4681 km
Die Sonne heizt mich schon am Morgen auf. Fahre die Mur stromab. Bin leider kein Fischlein, dann würde es nur bergab gehen und für Kühlung wäre gesorgt. Der Radweg nutzt die Hanglagen auf beiden Seiten des Flusses. Mittags mache ich auf einer Bank ein kleines Schläfchen. Hinterher bin ich ausgeruht, die Temperatur ist aber weiter gestiegen. In Judenburg esse ich ein Steierer Becher Eis – Vanilleeis mit (Kürbis-)Kernöl. Die Steiermark ist das Kürbisanbaugebiet Österreichs. Bin an diversen Kürbisfeldern vorbeigefahren.
In der Eisdiele tausche ich das mittlerweile heiße Wasser der Trinkflasche gegen kaltes und fahre die letzten Kilometer zum 50plus-Campingplatz. Der Zusatz treibt den Übernachtungspreis in die Höhe. Mehr Komfort ist nicht angesagt. Habe gerade mein Zelt aufgebaut, da setzt ein Sturm mit Regen ein. Die düsteren Wolken kündigten ihn bereits an. In einem Unterstand verbringe ich das kleine Unwetter. Danach ist es etwas kühler.
Esse ein erstaunlich gutes Abendgericht in einem nahen Landgasthof. Bin müde durch die Hitzefahrt. Verziehe mich früh ins Zelt.
Am nächsten Morgen ist der Himmel bewölkt – wie schön. Es ist angenehm warm, aber nicht heiß. Das Fahren bringt Spaß und strengt nicht an. Anfangs ist das Murtal breit. Getreide und Maisfelder säumen den Weg. Viele Scheunen mit ihren spitz zulaufenden und mit Ziegeln verkleideten Fenstern lassen diese wie Kirchenschiffe aussehen.
Das Tal ist relativ dicht besiedelt von kleinen und größeren Orten. Im gebirgigen Österreich sind die Täler die Transportwege. Je enger das Tal, desto mehr drängeln sich Eisenbahn, Autobahn, Straße und die Fahrradwege. Kurz vor Bruck wird auch das Murtal eng. Schön zwischen den Verkehrswegen liegt mein Campingplatz. Dank Oropax habe ich gut geschlafen.

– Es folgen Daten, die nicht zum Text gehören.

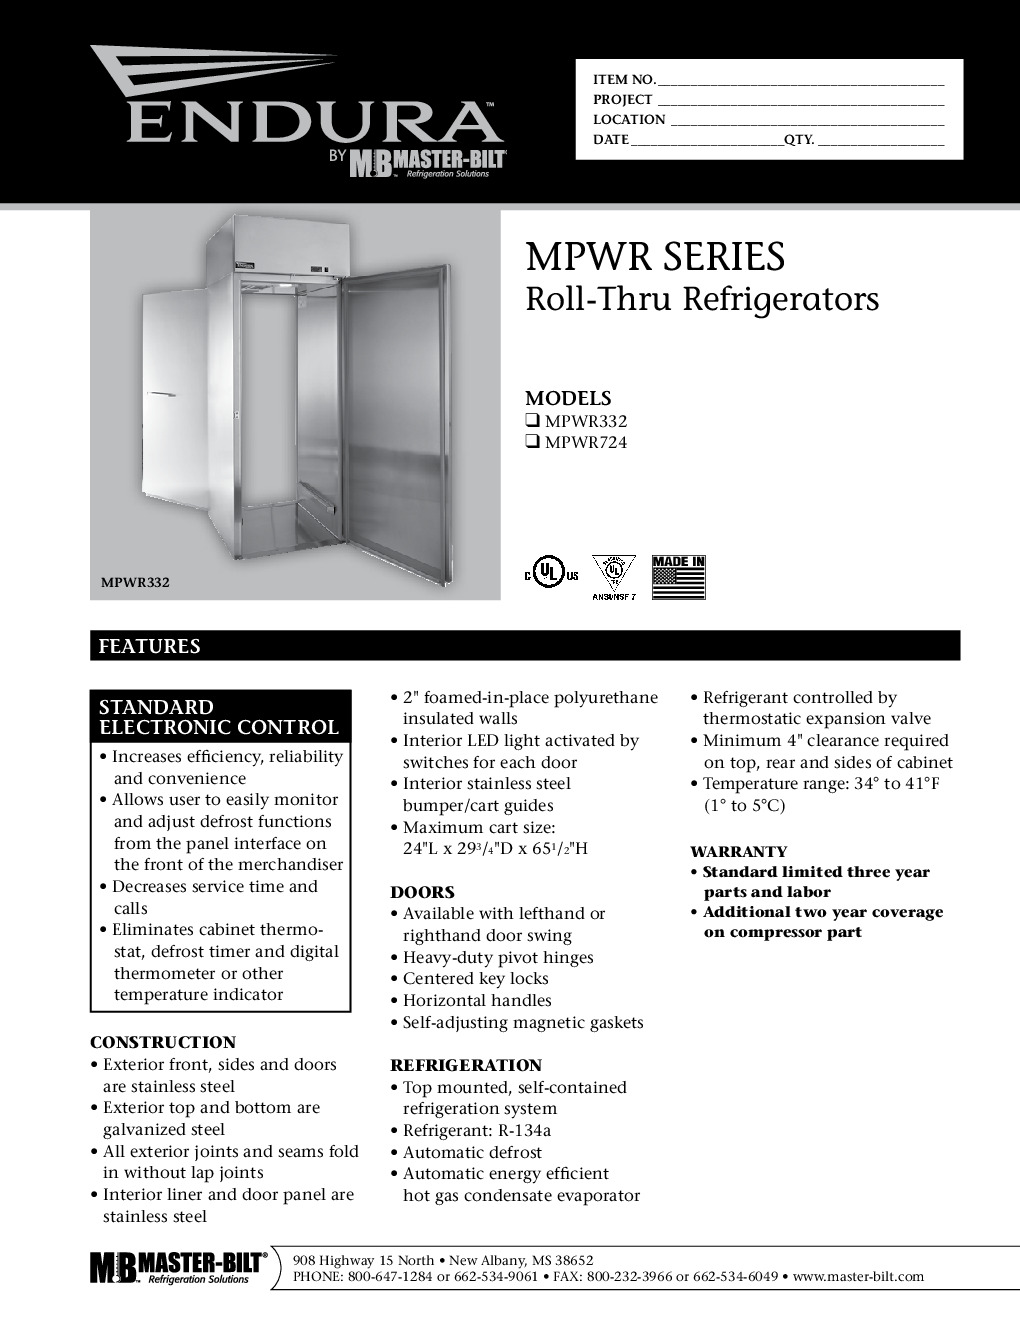 Master-Bilt MPWR332SSS/0 Roll-Thru Refrigerator

Am nächsten Morgen bemerke ich an meinem Fahrradschloss einen nächtlichen Angriff – zum Glück laienhaft. Hatte es am Abend – etwas abseits vom Zelt – mit zwei Schlössern am Fahrradständer und einem weiteren Metallgitter befestigt. Das leichtere biegsamere Schloss war an-, aber nicht durchgeschnitten. Das stabilere ist heil geblieben. Nehme es als Hinweis große Sorgfalt bezüglich Sicherheit walten zu lassen. Bin bisher eher lax damit umgegangen.
Entgegen der Vorhersage ist der Himmel am Morgen wieder bewölkt. Freue mich darüber, denn die Hitze lässt mich nicht nur schwitzen, sie raubt auch meine Energie.
Der Sturm vom Vortag hat deutliche Schäden hinterlassen. Viele Bäume sind umgeknickt. Das beschädigte Wahlplakat der SPÖ „Stürmischen Zeiten“ zeigt die leeren Worte der Politiker.
Das Tal bleibt eng und bewaldet. Die Fahrt geht auf schönen kleinen Wegen nicht allzu sehr in die Höhe. Die Autobahn verschwindet in den Berg. Die Mur und auch die anderen Flüsse sind schnellfließend mit – trotz der Trockenheit – viel Wasser. Da verschwinden in den Höhen wohl die Gletscher. An schmalen Abschnitten wird die Mur zu einem langgezogenen See mit Staudamm für die Stromerzeugung.
Manchmal kommen mir Radreisegruppen entgegen. Sie werden mit Bus und Anhänger zu schönen Abschnitten gefahren und dann losgelassen. Die Kirchen sehen von außen schlicht aus. Drinnen sind sie fast erdrückend überladen. Viel Arbeit für den, der staubwischen muss.
Nach etwa 60 km komme ich am Nachmittag in Graz – der Hauptstadt der Steiermark an.